Title: Biostratigraphy of Early and Earliest Late Cretaceous Ostracoda from Peninsular Florida: ABSTRACT

Author(s): Frederick M. Swain, James A. Miller

Article Type: Meeting abstract

Abstract:

Deep wells in central and southern Florida have yielded 68 species of marine and brackish-water Ostracoda of Early Cretaceous and earliest Late Cretaceous ages. About 40% of the ostracods are referable to described species. The rock sequence is more than 2,250 m thick.

A partly oolitic limestone facies of the Washitan Stage (early Cenomanian-late Albian) contains 17 species, of which 15 are restricted to the unit. Brackish-water, and perhaps freshwater, as well as marine Ostracoda are represented.

Pre-Washitan Cretaceous rocks of peninsular Florida are principally massive, interbedded carbonate rocks and evaporites and thin shales. Ostracods occur chiefly in the shales. Of 23 species in the Fredericksburgian Stage (middle Albian), nine are restricted to the unit; marine and a few brackish-water species are represented.

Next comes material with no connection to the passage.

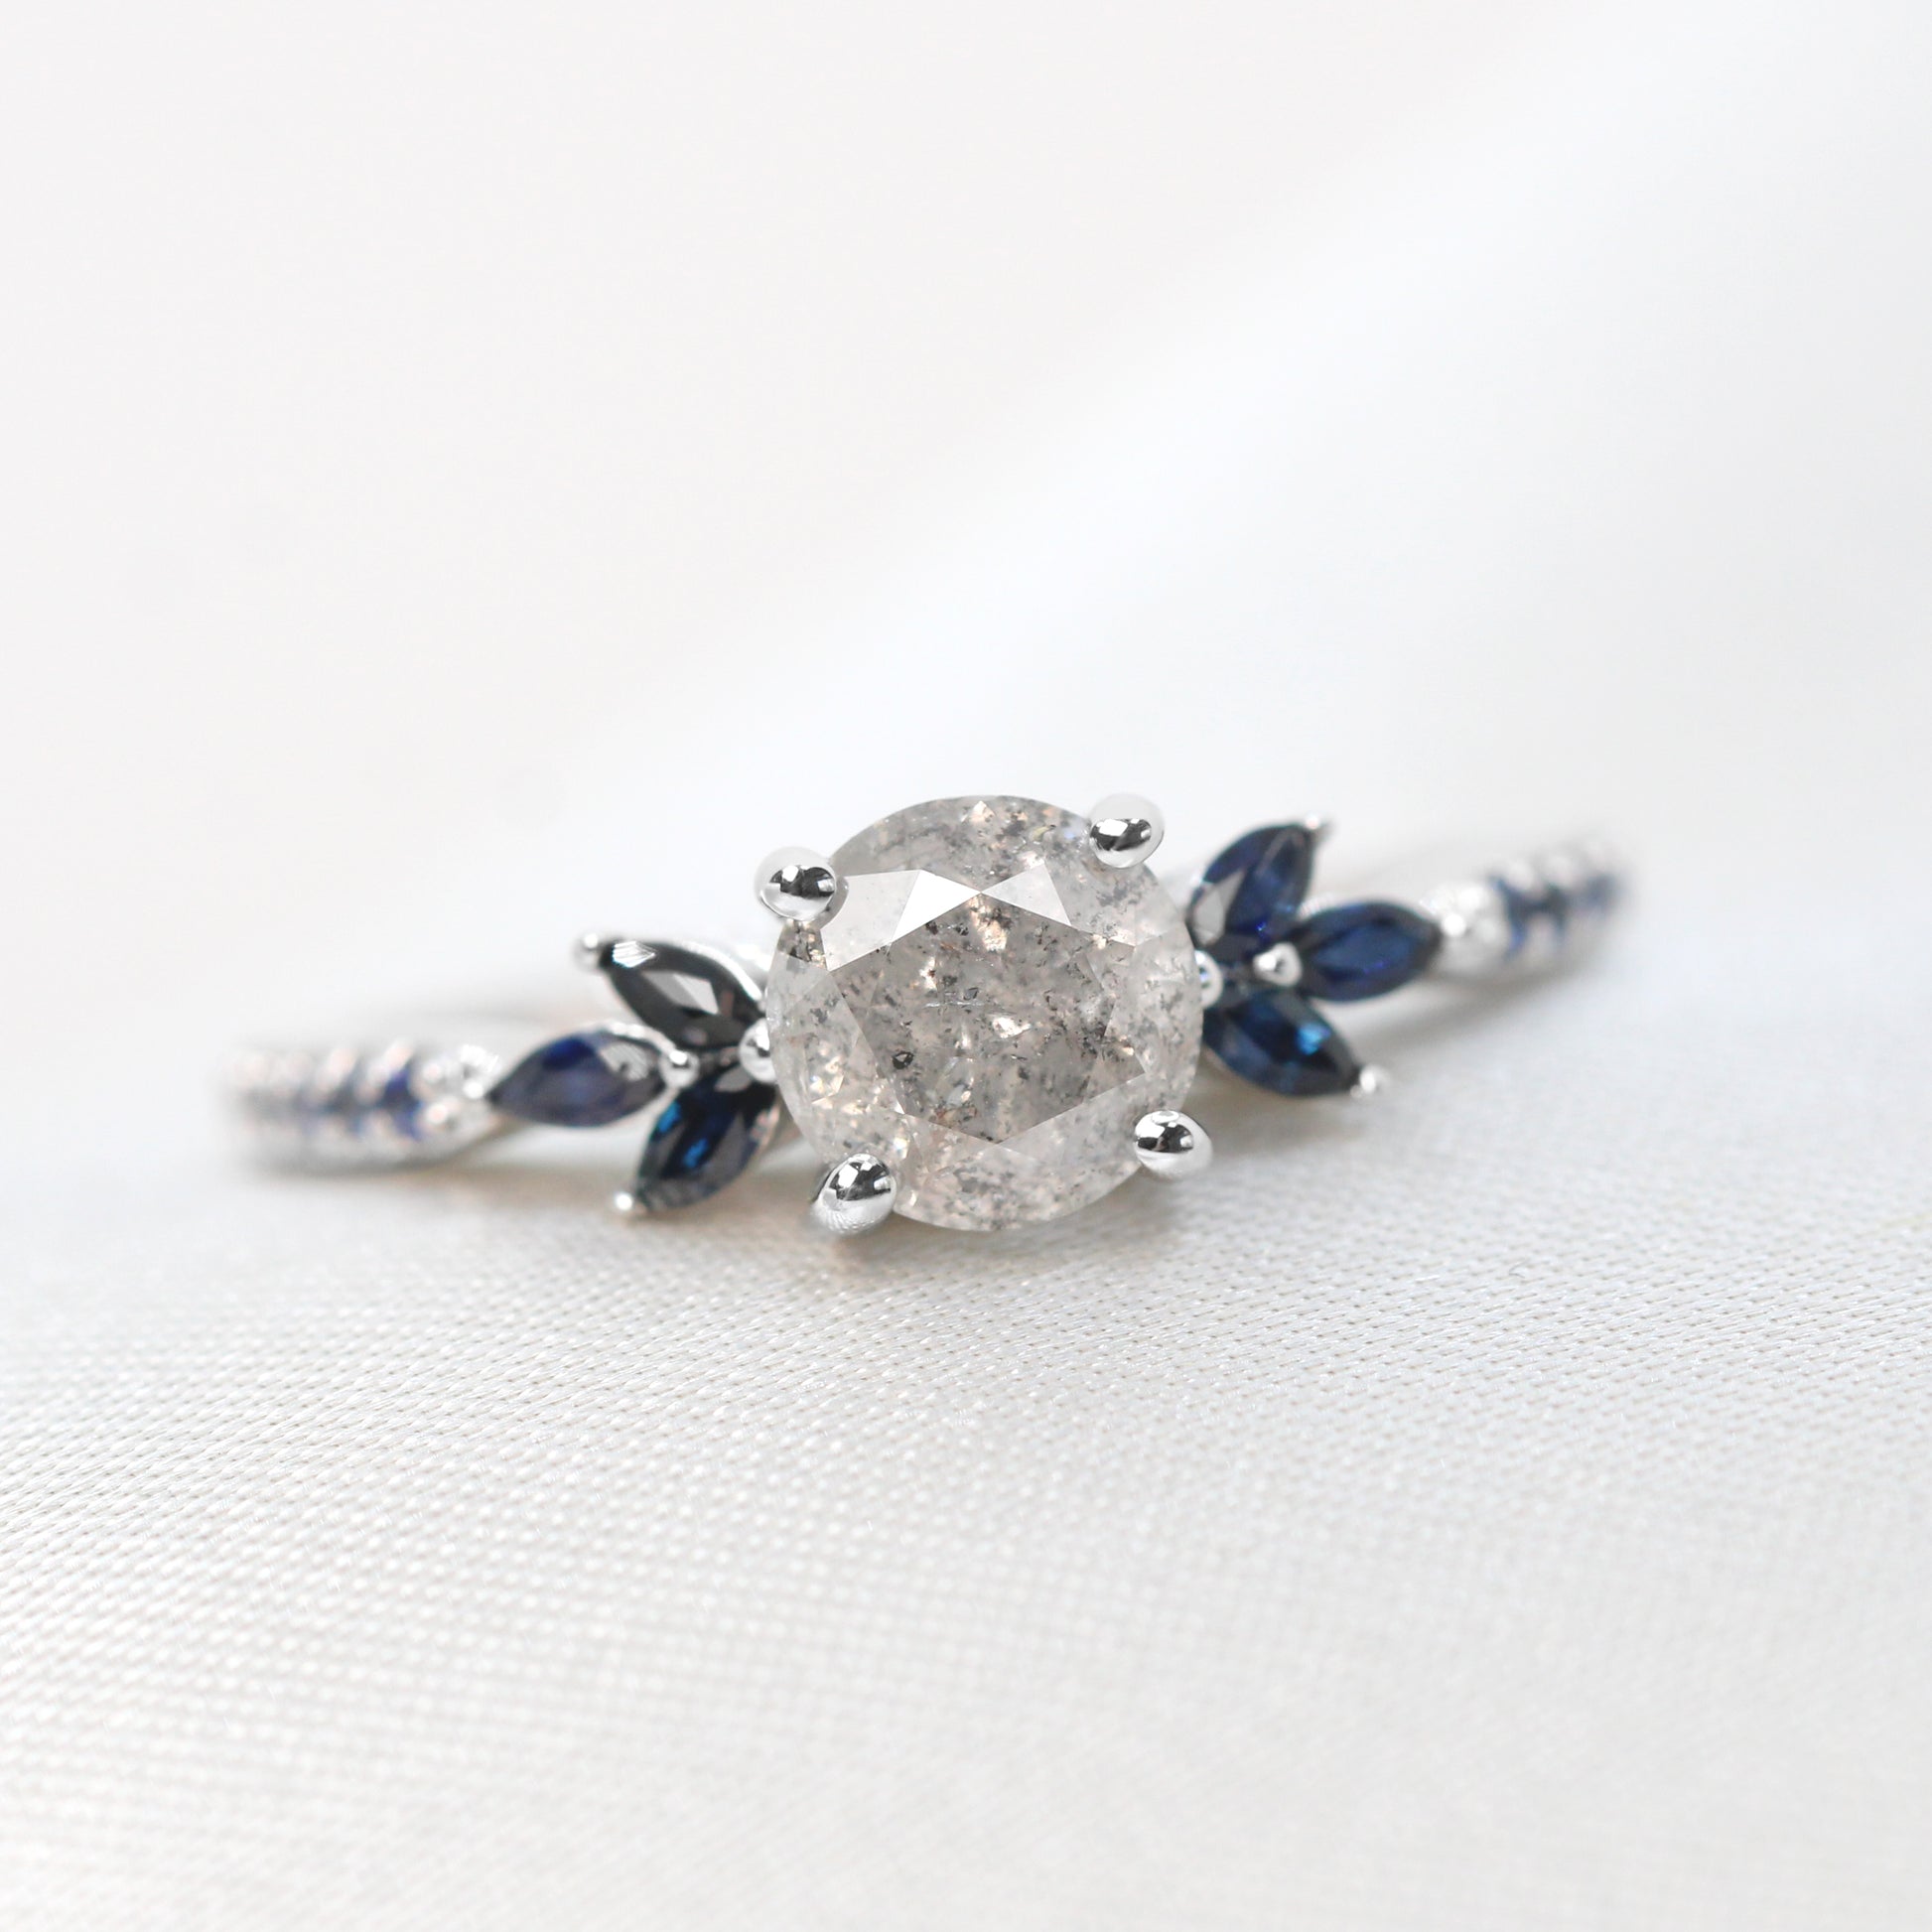 Betty Ring with a 1.11 Carat Round Light Gray Celestial Diamond and Blue Accent Sapphires in 14k White Gold - Ready to Size and Ship - Midwinter Co. Alternative Bridal Rings and Modern Fine Jewelry

Trinitian Stage (early Albian-late Aptian) ostracods are represented by 21 species, of which seven are restricted to that unit; several are brackish-water forms.

Coahuilan Series (early Aptian-Neocomian) rocks contain 35 species, of which 25 are confined to that unit; several are brackish-water types.

The environment represented by the ostracod populations is mainly that of an open-marine shelf bordered by partly brackish-water lagoons. Trinitian Stage rocks contain representatives of a few species which indicate outer-shelf or slope environments.

The population as a whole has strongest affinities for Cretaceous species of the Gulf coastal or Atlantic coastal United States. Several of the Coahuilan and Trinitian species show relationships to European and to South American forms. Few such relations are shown by Fredericksburgian and Washitan species.